While the operator is operating the work machine 100, the measurement value acquisition unit 214 acquires the measurement values of the inclination measuring device 101, the swing angle sensor 102, the boom angle sensor 103, the arm angle sensor 104, and the bucket angle sensor 105 (step S306). The update unit 221 determines whether or not the setting button has been operated (step S307). If the setting button has not been operated (step S307: NO), that is, if the movement to the desired position has not been completed, the rotation conversion unit 217 performs rotation conversion on the design plane stored in the main memory 230 based on the measurement value of the inclination measuring device 101 and updates it (step S308). Then, the control device 200 returns to step S306 and repeats the processing until the setting button is operated.

When the setting button is operated (step S307: YES), that is, when the movement to the desired position is completed, the position determination unit 215 sets the position of the teeth of the bucket 163 in the vehicle body coordinate system based on the measurement value acquired by the measurement value acquisition unit 214 (step S309). That is, the position determination unit 215 determines the position of the target object in the vehicle body coordinate system at the time (second time) when the setting button of the second guidance screen is operated.

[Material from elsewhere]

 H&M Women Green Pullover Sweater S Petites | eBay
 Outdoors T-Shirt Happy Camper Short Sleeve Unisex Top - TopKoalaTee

Next, the updating unit 221 calculates a translation vector that is a difference between the position vector indicating the position of the teeth specified in step S304 and the position vector indicating the position of the teeth specified in step S309 (step S310). The updating unit 221 translates and updates the shape stored in the main memory 230. design plane using the calculated translation vector (step S311). This enables the updating unit 221 to maintain the position of the design plane in the global coordinate system before and after driving.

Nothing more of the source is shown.